The old uneven floors creaked.

The clogged aisles screamed fire hazard.

It was the kind of place I would dream about when I was 10, but never did exist.

Not until it did exist, like some dark manifestation from the back pages of Famous Monsters, which were dank and ugly and peddled bootleg Darth Vaders and rubber werewolf masks and Super 8 reels of “Mysterious Dr. Satan” and X-ray eyeglasses. House of Monsters hung around for 11 years and folded its Wicker Park shop in 2007 but continues online, still operated by Kaufman, who once saw the future of horror-themed businesses and knew it was horrible.
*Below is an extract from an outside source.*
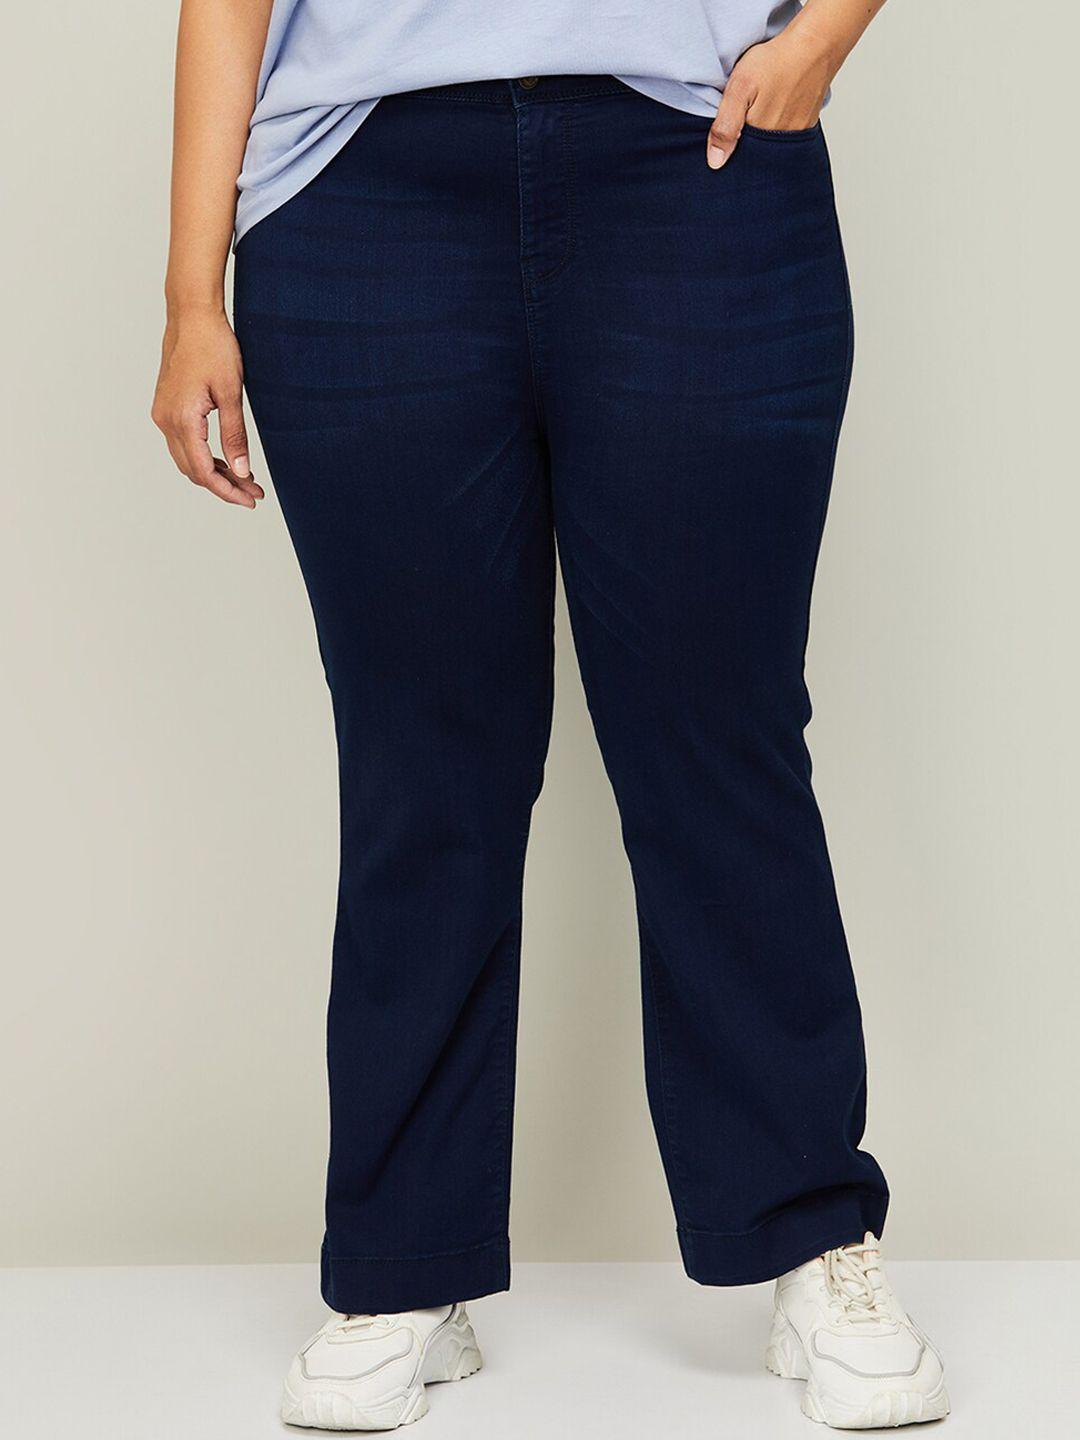 nexus plus size women dark shade mid-rise cotton jeans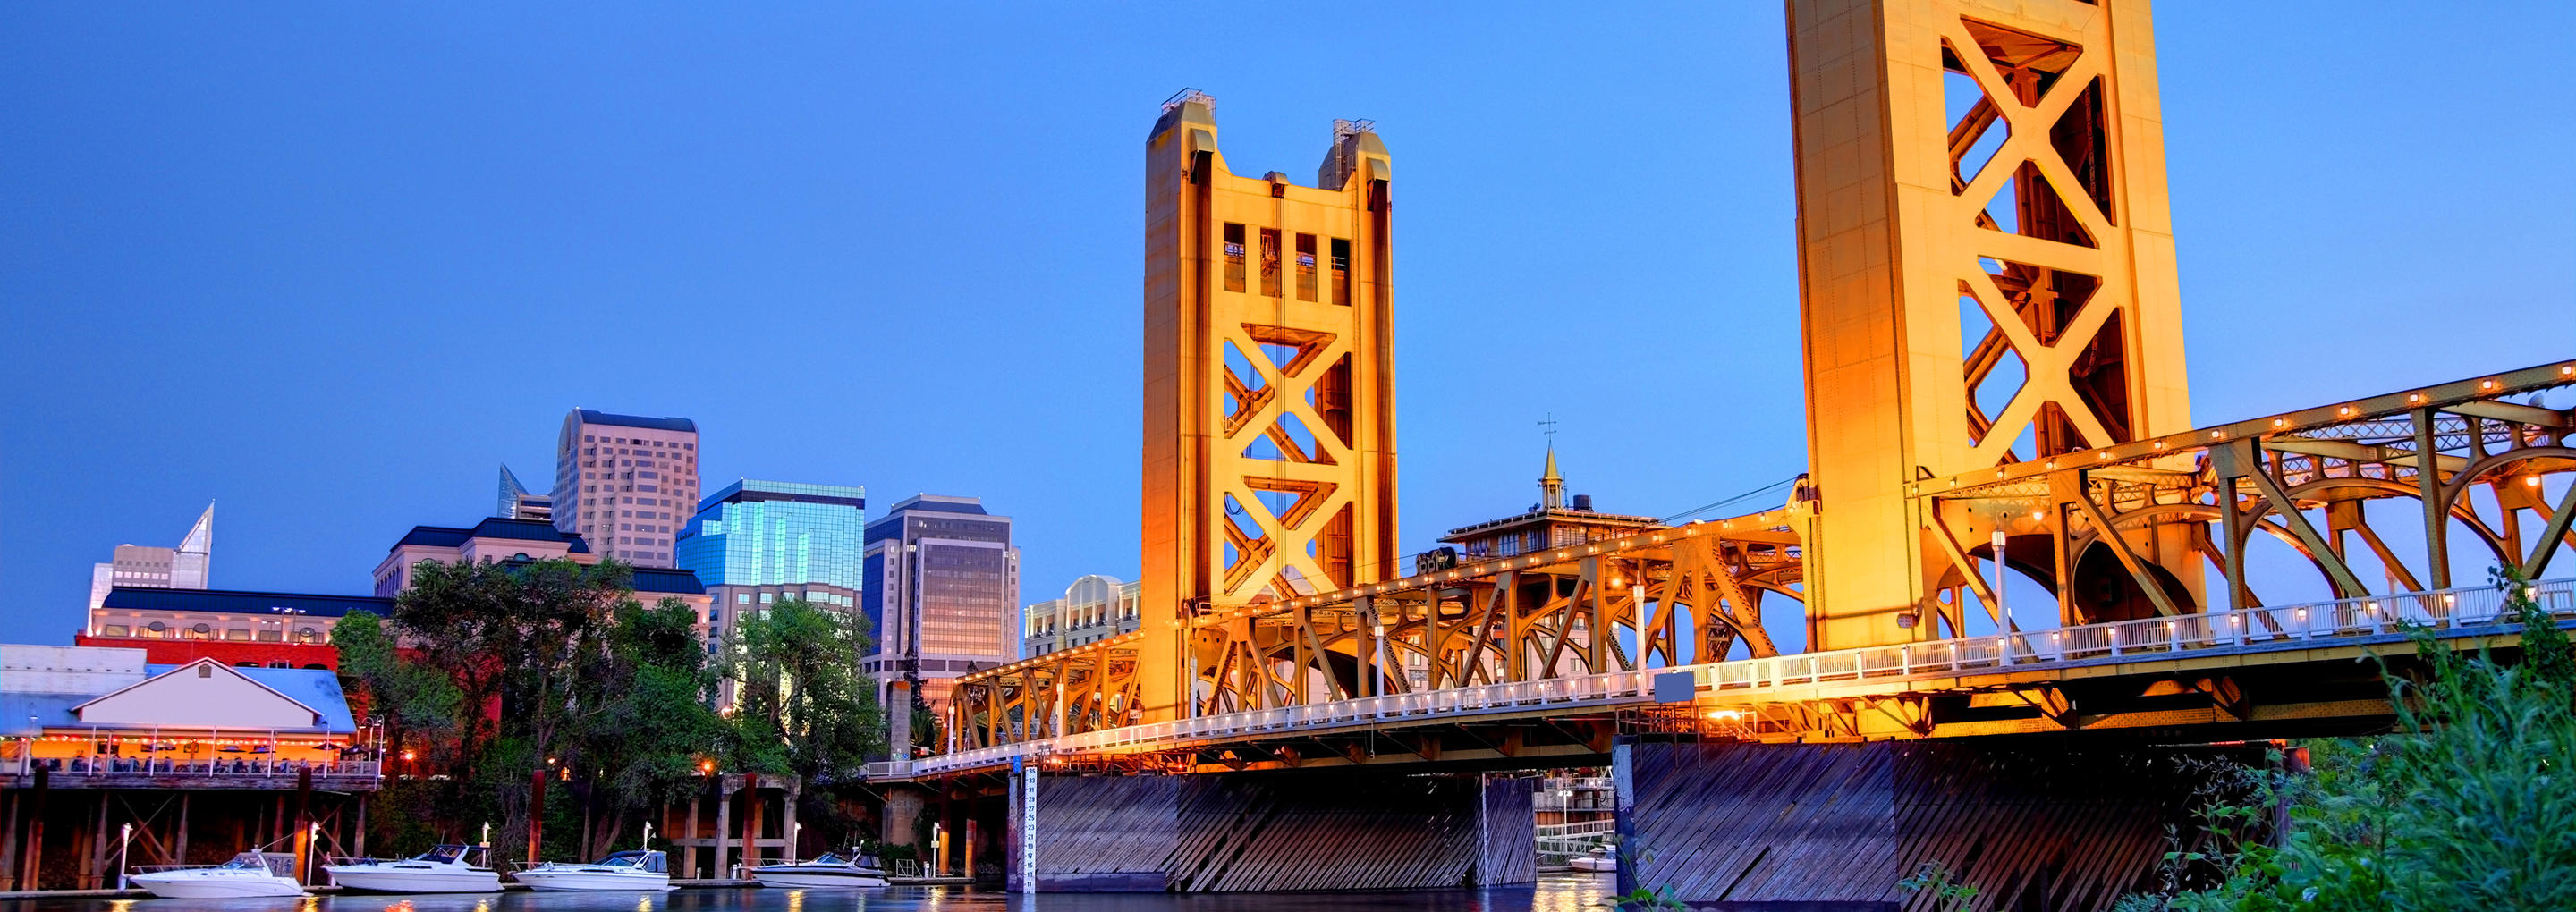 Bridge in downtown Sacramento California

Slowly, steadily, like a zombie pulling itself out of fresh earth, a small but quite lively patchwork of horror-and-gothic-themed shopfronts and cafes and restaurants and bars have been replicating across America. Call it a byproduct of the anxious early 21st century, call it capitalizing year-round on what Spirit Halloween only offers for 60 days, but right now, on Long Island, there’s a Haunted House of Hamburgers. Los Angeles offers an entire stretch of Burbank seemingly dedicated to horror shops. In eastern Indiana, you’ll find Famous Monster Pizza. When Orlando’s cheerfulness is driving you batty, the Post Mortem Horror Boo-Tique in nearby Kissimmee is like Ann Taylor for Wednesdays. Need a good book? The Twisted Spine, New York City’s first horror bookstore, just opened. In Arkansas, grab a Chicago Mothman hot dog at The Witching Hour food truck — or if you prefer a hamburger, they come “slaughtered” (chopped cheese) or “smothered” (melted cheese).

“I do hear from a lot of people these days that ‘Oh, we couldn’t have done a horror store without House of Monsters,’” Kaufman said, “but all of this feels inevitable. The interest was there, it just took people to recognize that the horror community wanted places to gather. But because of social media, because of horror franchises being so widespread, because of a perfect storm of reasons, these are basically mainstream spaces today.”

Horror as a lifestyle, in other words, is now an option.

And Illinois, in particular, leads the way.

(Save the “hellhole” cracks for TikTok, thank you.)

Morning on the Moors

Your day begins like every other.

You climb out of your crypt, vaguely revived, allergic to the sun. Good news: Chicago offers plenty of variety for the nearly undead. On the South Side, at the end of a quiet Bridgeport cul-de-sac is Jackalope Coffee & Tea, which only sounds pleasant. It is, in fact, disgustingly charming, if you’re cool with “Night of the Living Dead” posters, man-size aliens and one whole room largely painted black, set off with a tapestry of a Victorian woman haunted by a vaporous skull. In the center of the room is the perfect round table to host a seance. By the front door is a box labeled “Menstruatin‘ With Satan,” full of personal care items for free, sponsored by the Satanic Temple of Illinois.

Skulls adorn the curtains. As a nod to the neighborhood’s Latino influence, “The Shining” twins are painted onto a wall, refashioned as Día de los Muertos skeletons. Like many horror-themed year-round businesses, nothing about Jackalope comes off as indifferent or routine; a visitor is rewarded for peering close into every nook and cranny.

It opened 13 years ago as something of a response to the end of the moody, gothic punk scene that co-owner January Overton, now 48, once sought in Lakeview — namely the infamous Punkin’ Donuts era of Belmont Avenue and Clark Street. She and her husband, John Almonte, have been veterans of Chicago’s punk and metal scenes for years.

“I grew up in Bridgeport and wanted that aesthetic here,” Overton said. “Except, not so much dark as fun.”

And so, on a peaceful morning, The Slits’ “Typical Girls,” and a canon of punk classics, blast away while customers peck at laptops.

“I wasn’t sure about any of this at first,” she said. “Now it’s an extension of our home.”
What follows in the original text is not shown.